刺杀这件事仿佛一个意外的插曲,声势浩大却无法阻挡原本的方向,待车队重新修整后又继续沉默的赶路,只是萧静辰的心态已然不同了。
春桐自车外进来的时候和萧静辰回禀道:“三王子给这辆马车周围加强了守卫,公主现下可以放心些了。”
萧静辰问道:“他人呢?”
春桐轻声道:“三王子说完后就走了,想来是去了队伍的最前面。

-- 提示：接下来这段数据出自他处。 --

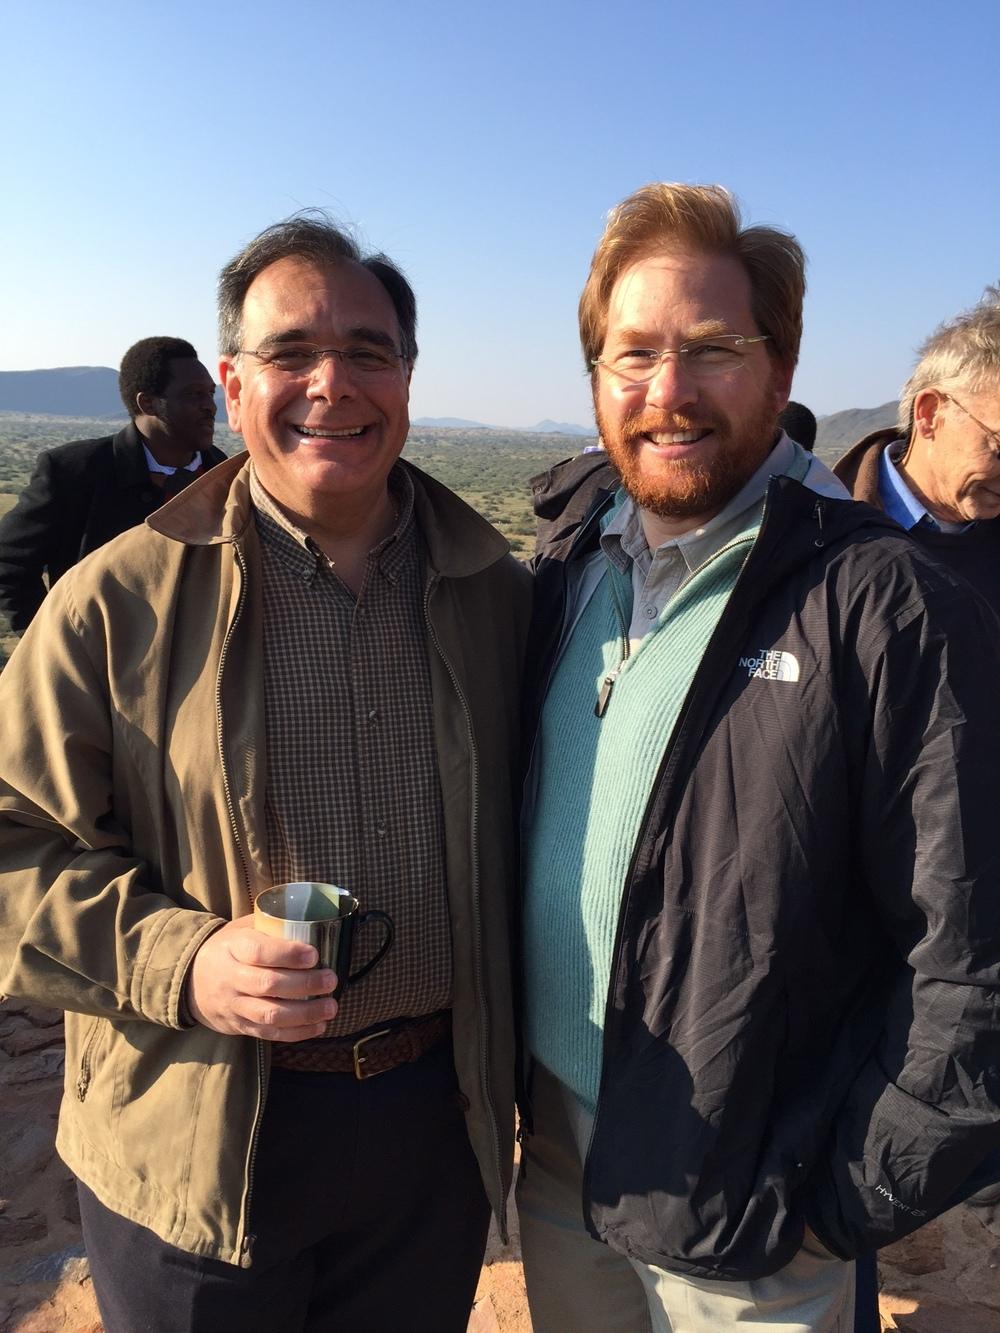 From left, Dr. Daboub and Jonathan Oppenheimer of Anglo American, De Beers, Oppenheimer Diamonds. President of the Brenthurst Foundation

”
萧静辰没应声,心情平复下来后便开始考虑起这桩刺杀的细节了。
比如那些刺客是怎么锁定她在哪辆马车的,亦或是杀了她到底对谁有好处。
萧静辰闭目思索了许久后先得出了后一个问题的答案,苦笑着扯了扯嘴角。
杀了她似乎对谁都好处,唯独除了她自己。
人们都说经历大难后是需要时间沉淀的,但萧静辰却没有这个闲暇,有时候她也会觉得自己似乎冷静的过分了,分明她刚才杀了一个人,要知道在此之前她虽然干了许多苦累活却从未杀过生,此刻却还能清醒的去分析事态的走向,这一切都是为了活下去。
萧静辰也想不通为什么自己对于活下去有这么强的执念,凭心而论,换一个人忍受十几年的幽禁都不会对未来有着更深的期盼了吧。

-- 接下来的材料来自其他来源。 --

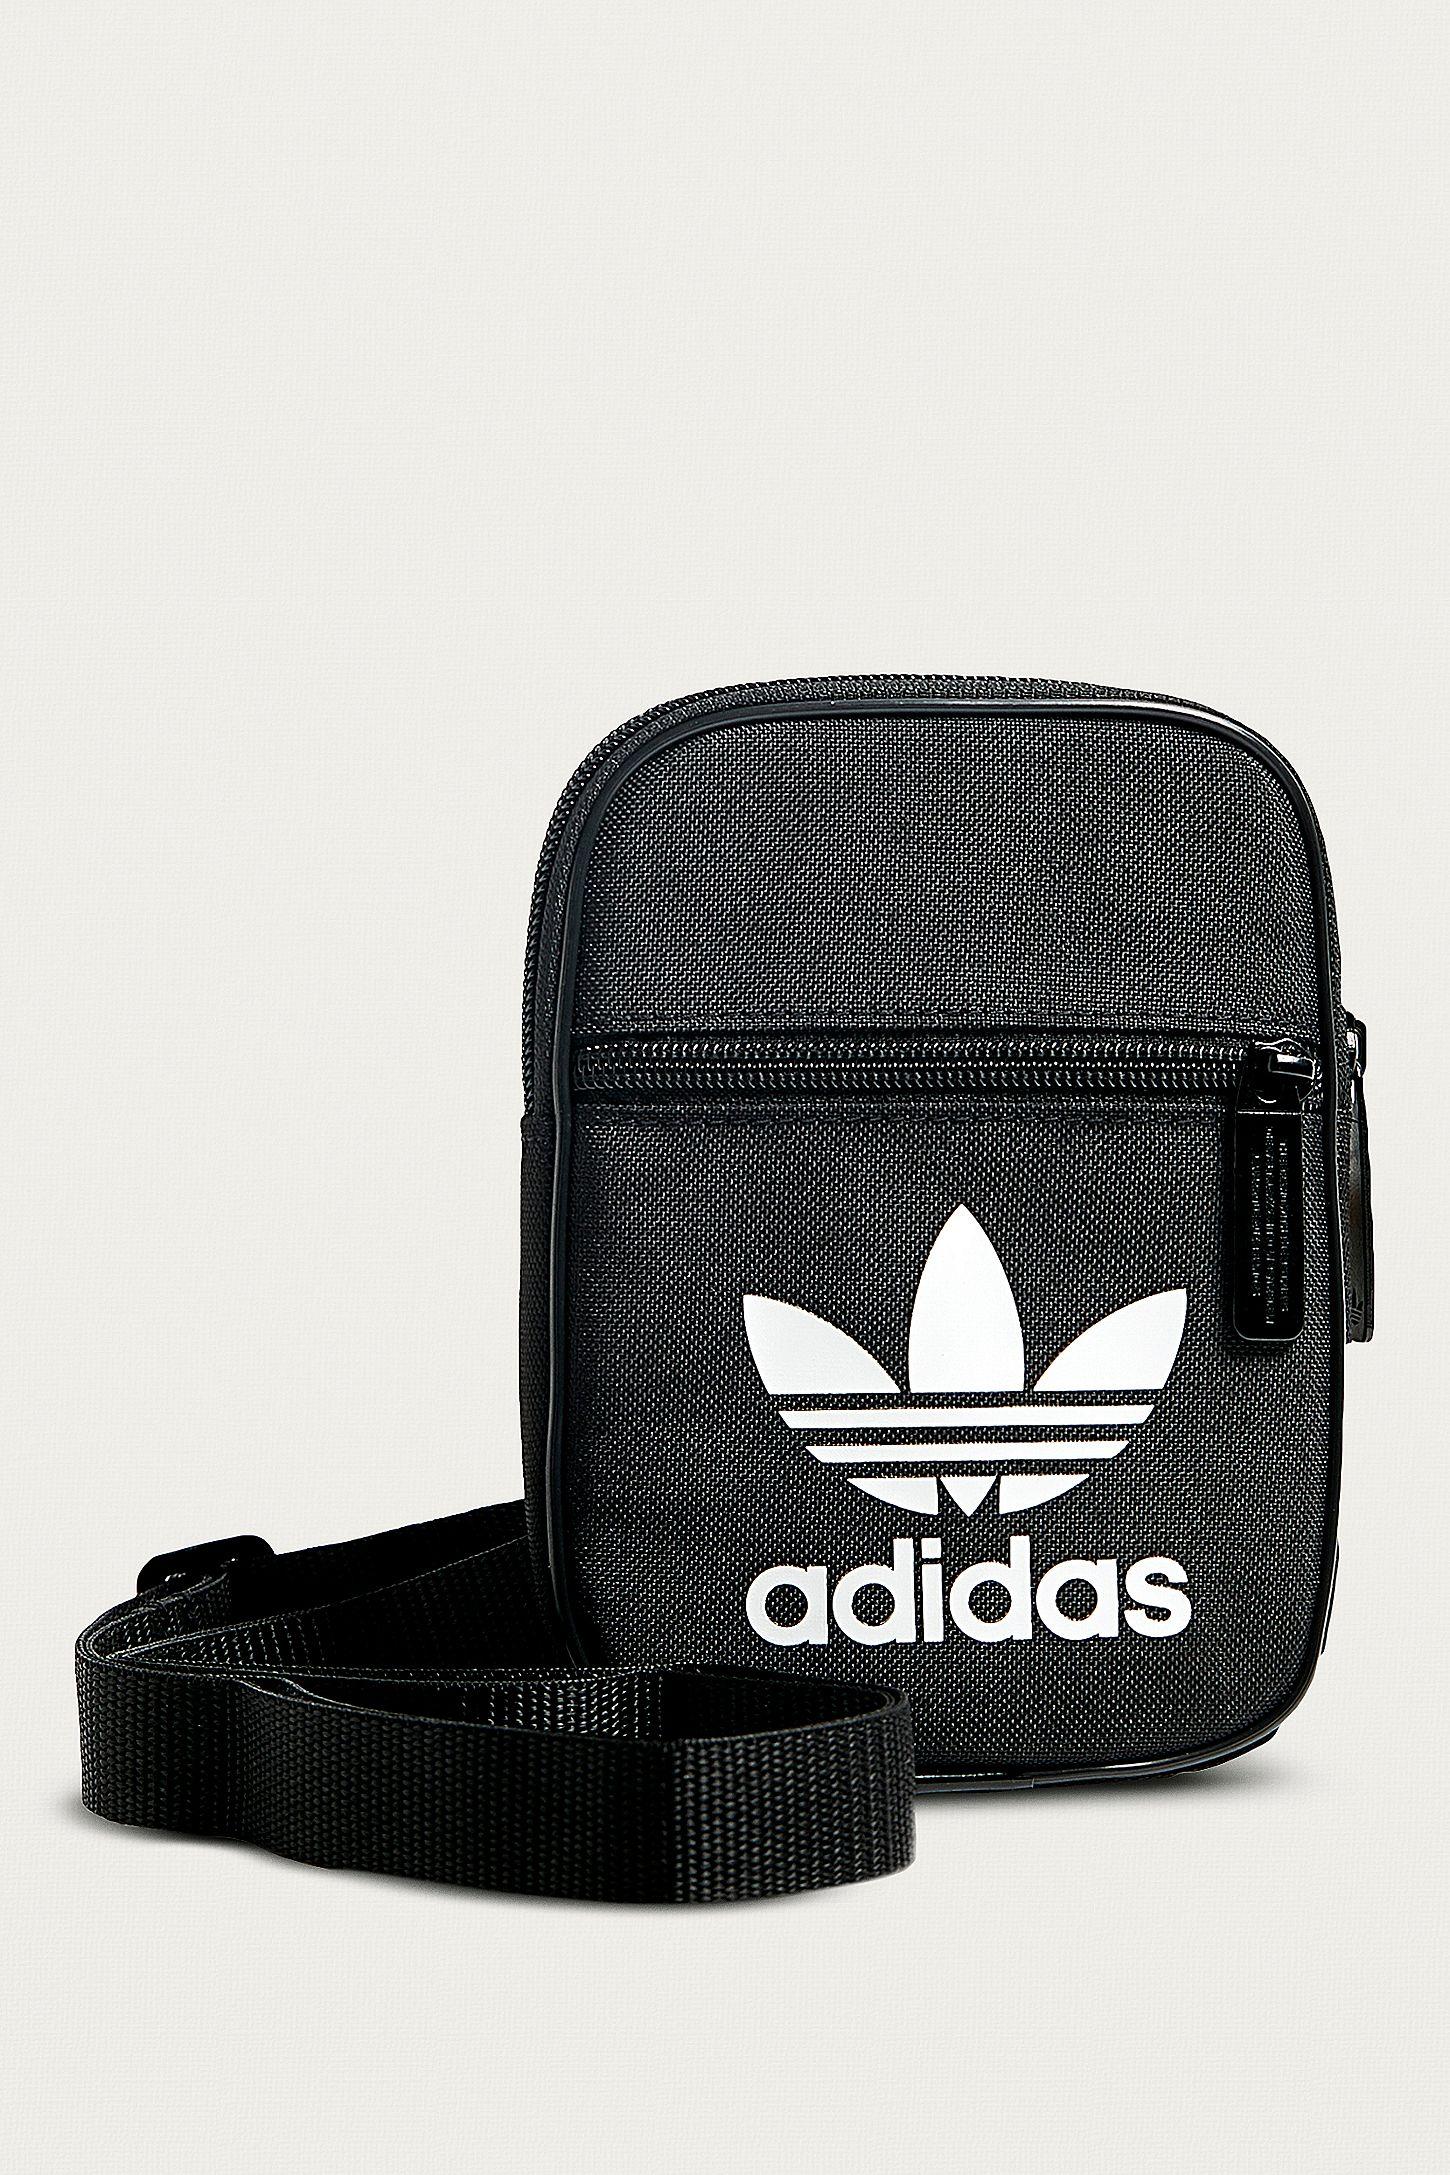 adidas Originals Trefoil Festival Crossbody   Urban Outfitters UK 992233eebd

萧静辰觉得自己就像是那噩梦般的小院内那棵半死不活的桃树,永远都不曾结过桃子却在每年春天的时候不住的向外伸着枝丫,锲而不舍的将最鲜活的那抹颜色传递出去,似乎只是为了证明它曾拥有绚烂。
回过神来的时候萧静辰给自己定了个目标,死之前一定要做一件刻骨铭心的事情。
萧静辰的思路清晰了几分,现下漠北正值多事之秋,若是她这位和亲的公主死在了路上,那梁朝便可以借由攻打漠北,而对于赫连彧而言,自己可能也是个累赘。

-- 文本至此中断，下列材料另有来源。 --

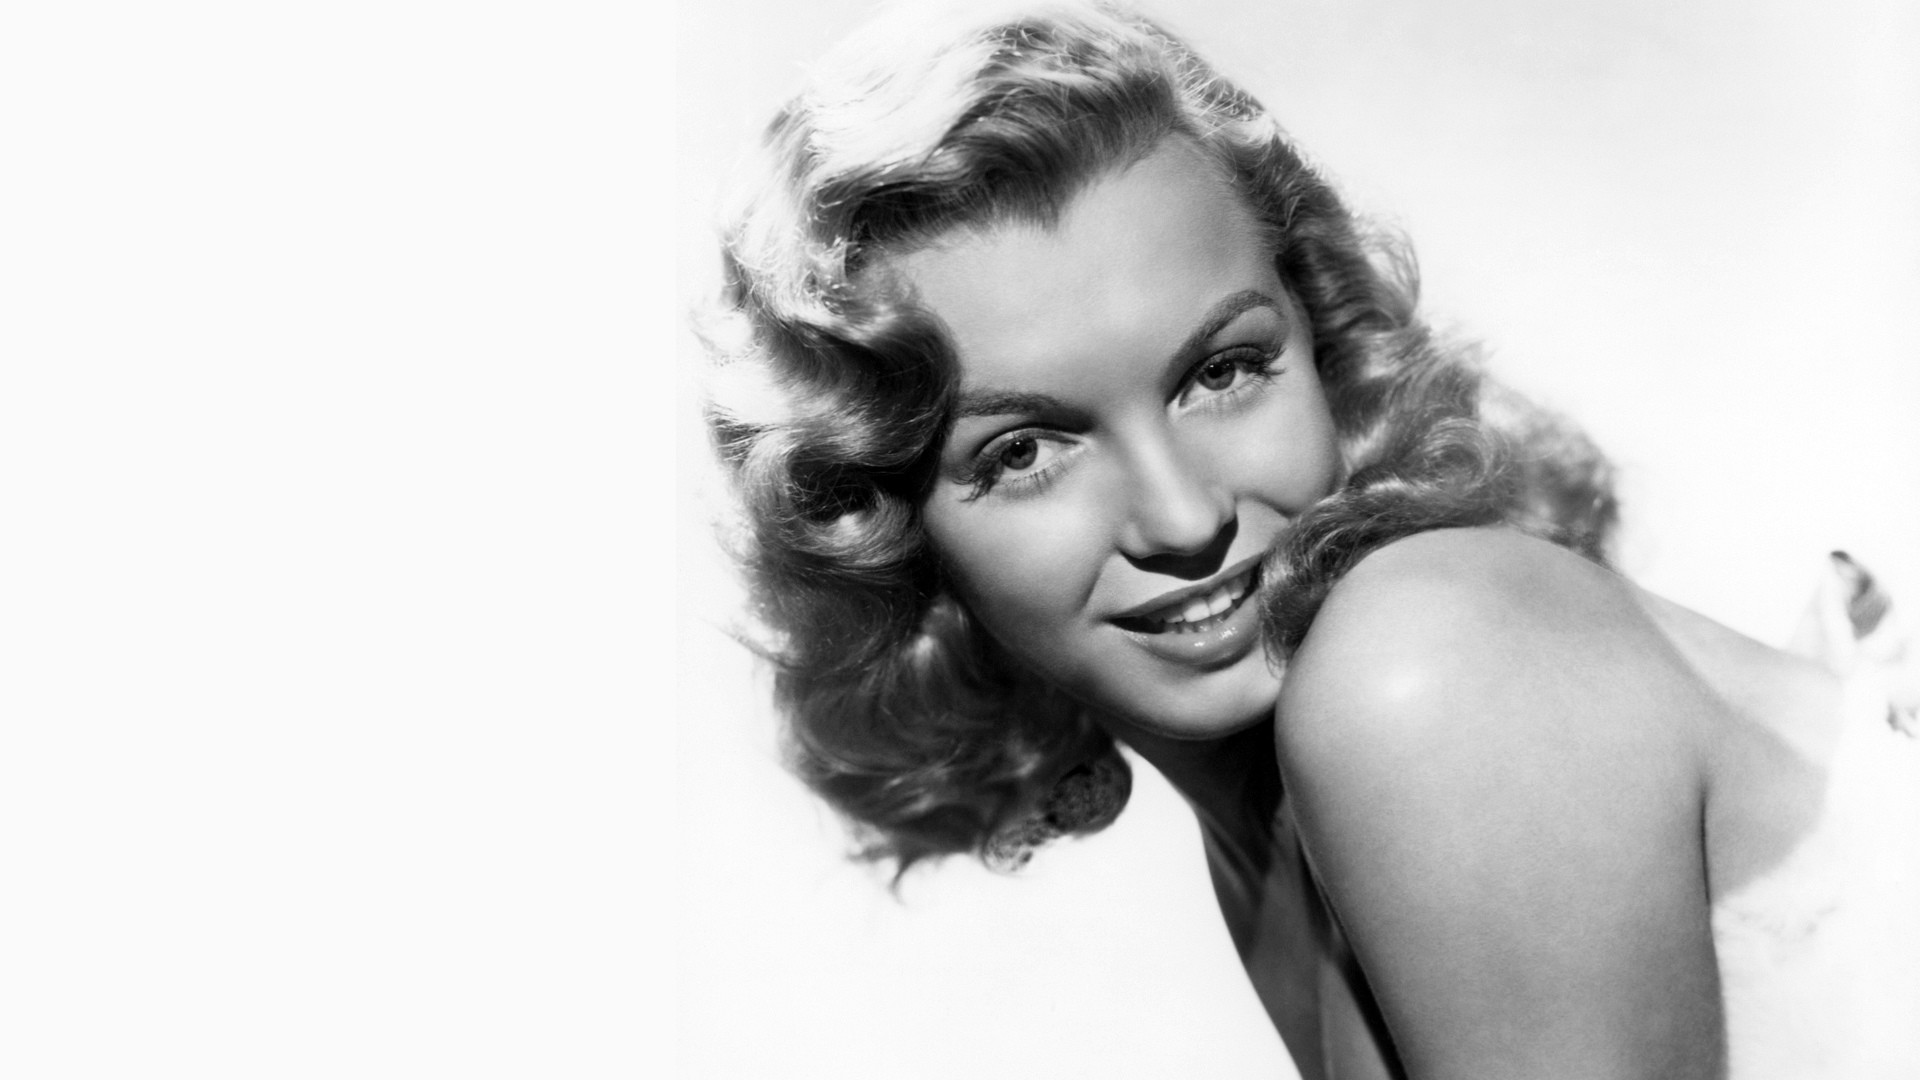 Res: 1920x1080, Marilyn Monroe Wallpaper 2901

一股许久未有过的烦闷骤然的涌上心头,为了活着她得和赫连彧谈谈。
身骨几两重,每一分萧静辰都要将其用到极致。
大雪在寒风的席卷下不住地冲向这支刚被打乱的车队,刮在赫连彧的脸上如刀割,赫连彧呼出的气体沾染在睫毛上不一会儿就挂上了冰,只是随手擦了两下后继续向前。
□□驾马来到赫连彧身边道: “三王子这雪怕是要越下越大了,咱们找个地方歇脚吧。”
“不是让你跟在公主的车旁吗?”赫连彧沉思片刻后道: “不能停,得坚持到边境城。”
虽然刚才□□说刺客大多都是中原人,但赫连彧总觉得事情没那么简单,这年头只要给的够多,有些人是不会在乎自己到底是为谁卖命的。
事情的线索大多都被大雪所掩盖,但好在赫连彧心里清楚地知道自己的对手都有谁。
赫连彧将□□支回到萧静辰身边去,无论如何,他都不能让萧静辰涉险。
萧静辰活着远比她死了的作用更大。
本来平静赶路的心思现下一点都不剩了,赫连彧握紧缰绳试图和凌冽的寒风对抗。
结果还没走多远□□又跑到了他身边。
赫连彧微微蹙眉,虽然包裹的极为严实,但不喜的情绪却成功的传递了出来。
□□平时大大咧咧看起来直爽又莽撞,但他自小跟在赫连彧身边自是对他的情绪了如指掌的,于是赶忙解释道:“三王子,这回可不关我的事,是那公主叫我来找你的。”
纠结在一处的眉头换了个拧法,赫连彧不解道:“找我做什么?你是不是又说什么不靠谱的叫她们听见了?”
□□迅速的摇头,“不不不,我哪里敢去她们面前瞎说。”
赫连彧对□□态度的转变有些好奇,□□平时可不是这个样子,这一路上□□可没少表示过对大梁女子的嫌弃。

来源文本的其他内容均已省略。